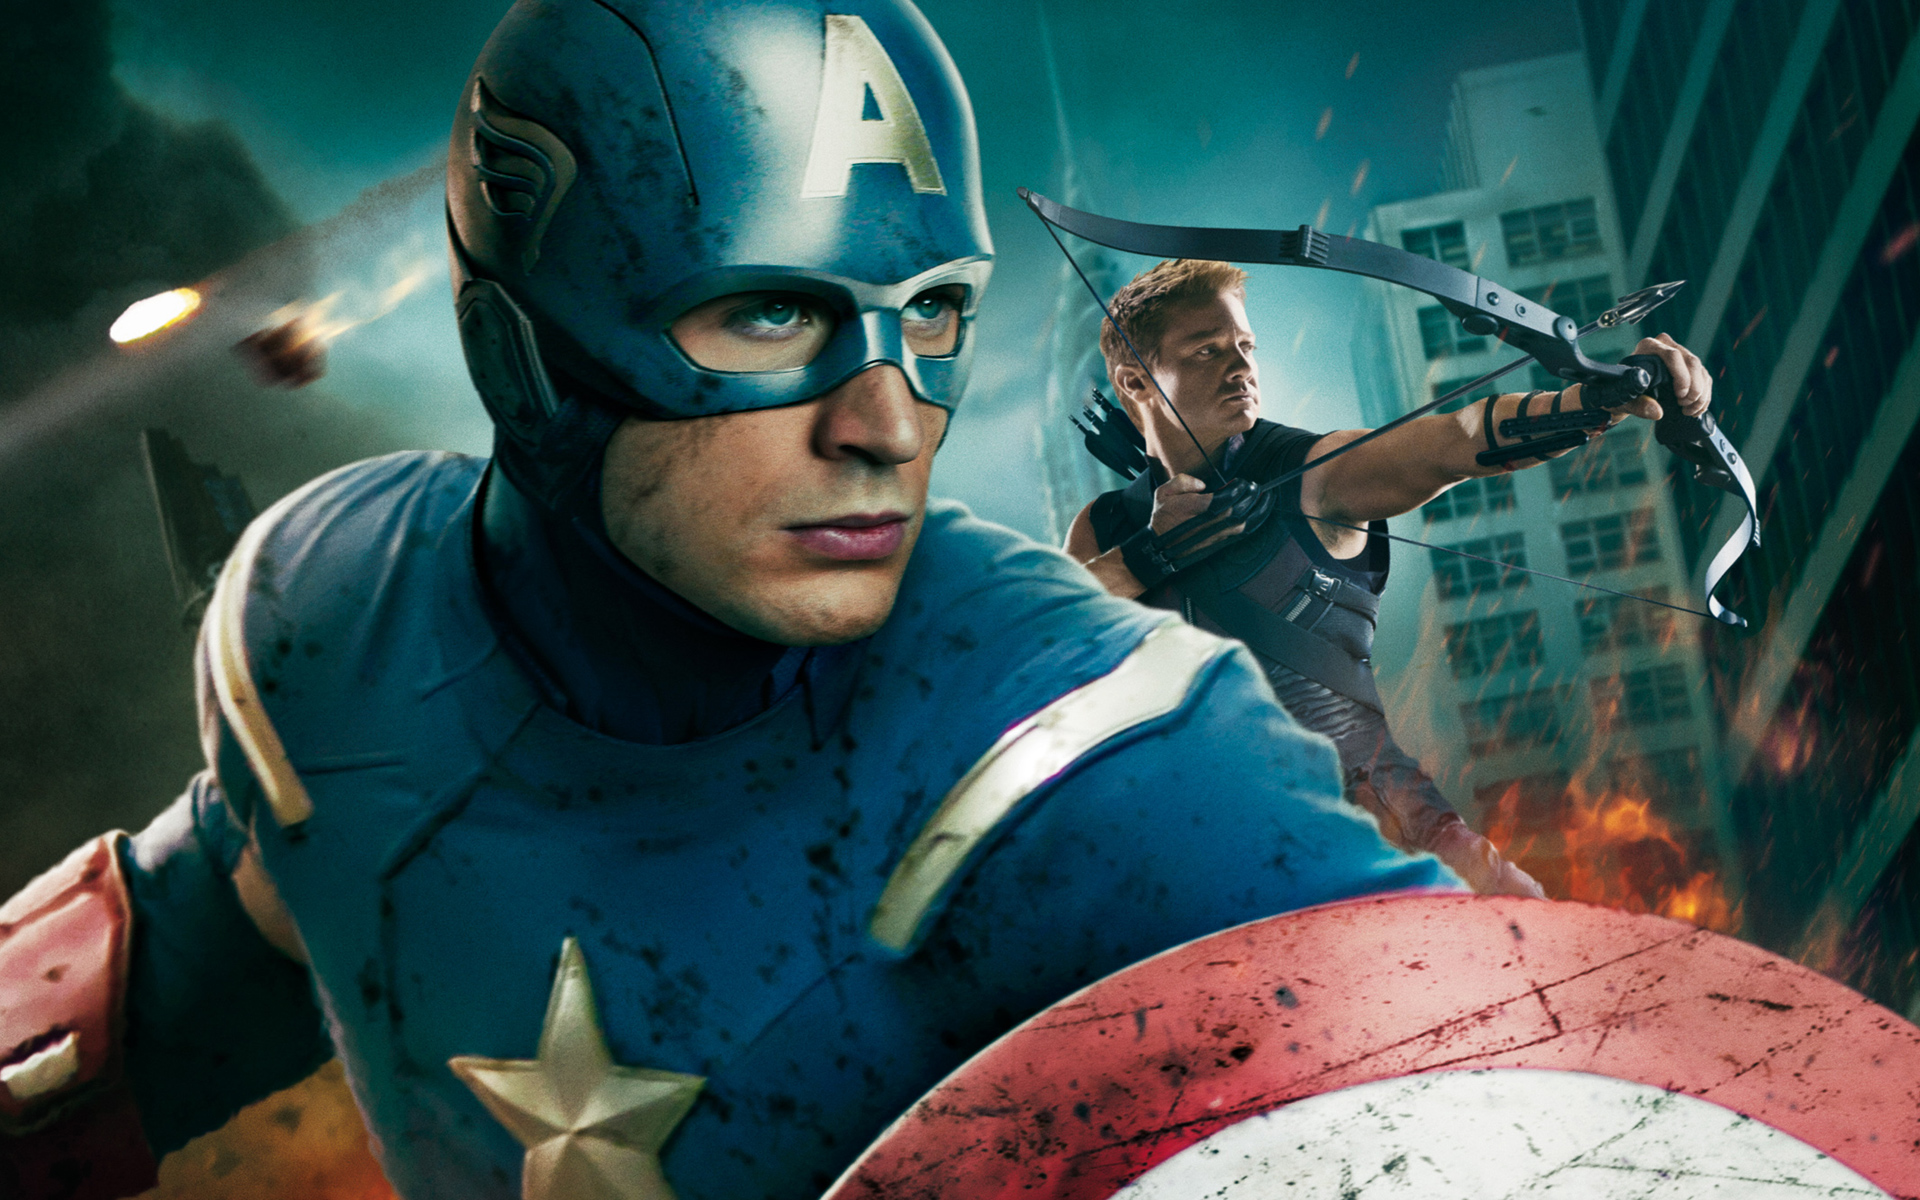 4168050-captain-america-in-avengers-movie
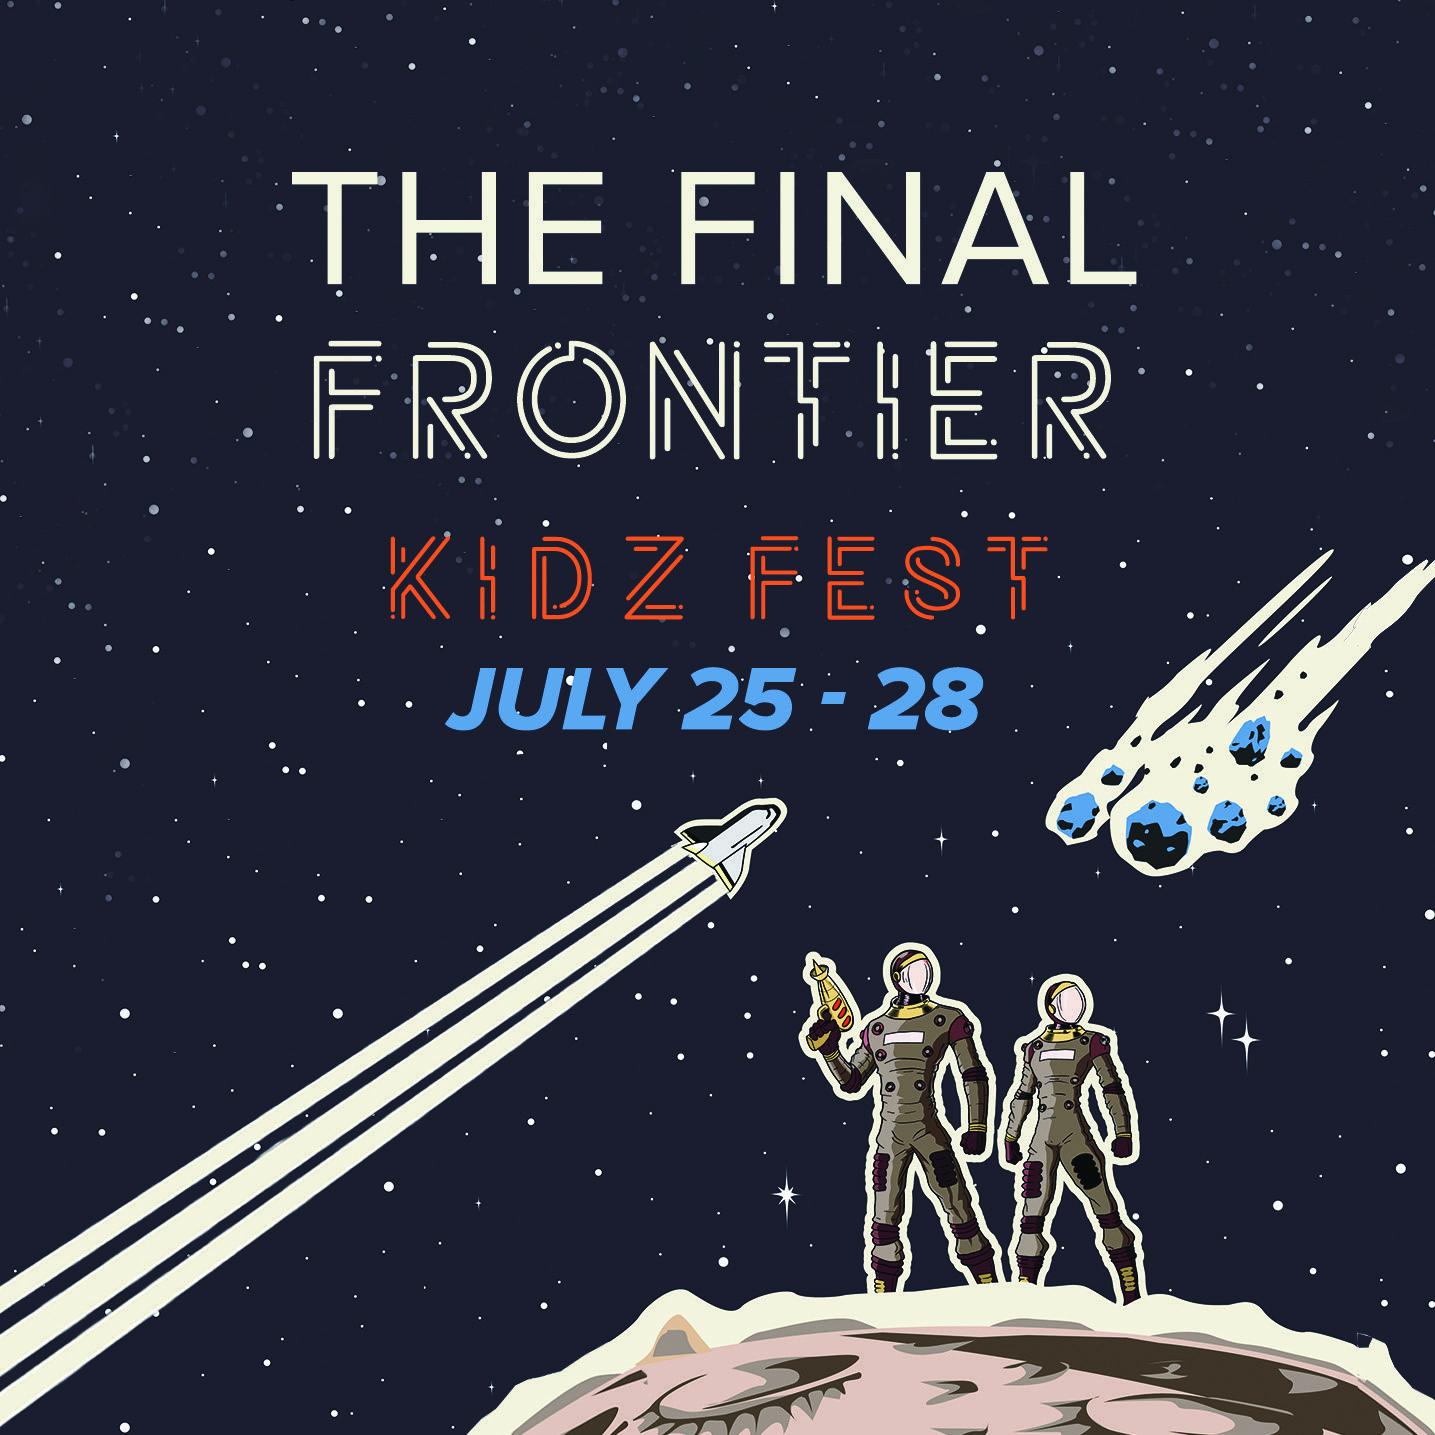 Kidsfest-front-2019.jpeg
---
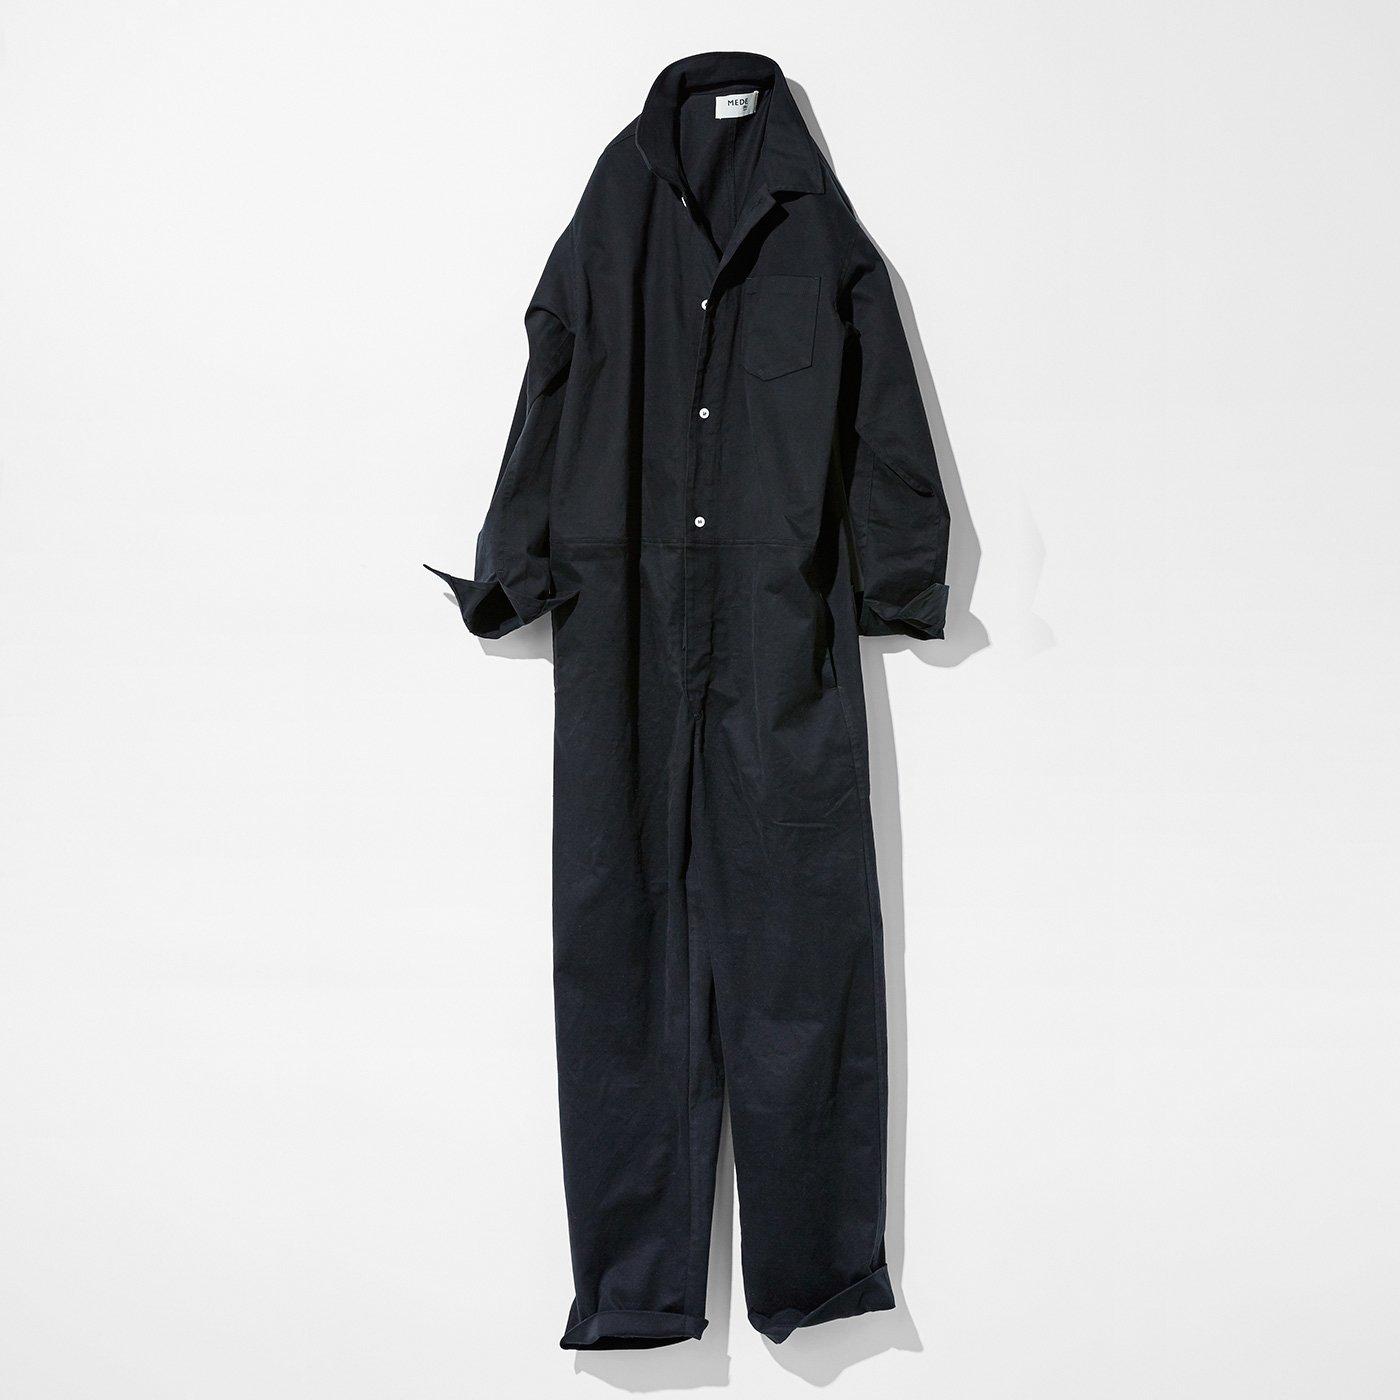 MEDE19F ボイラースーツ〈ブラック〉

## Task to complete
What you write must match the listing exactly, from the line with "4168050-captain-america-in-avengers-movie" up to and including the line with "Kidsfest-front-2019.jpeg". Pictures stay out.

## Solution to this task
 4168050-captain-america-in-avengers-movie
 Kidsfest-front-2019.jpeg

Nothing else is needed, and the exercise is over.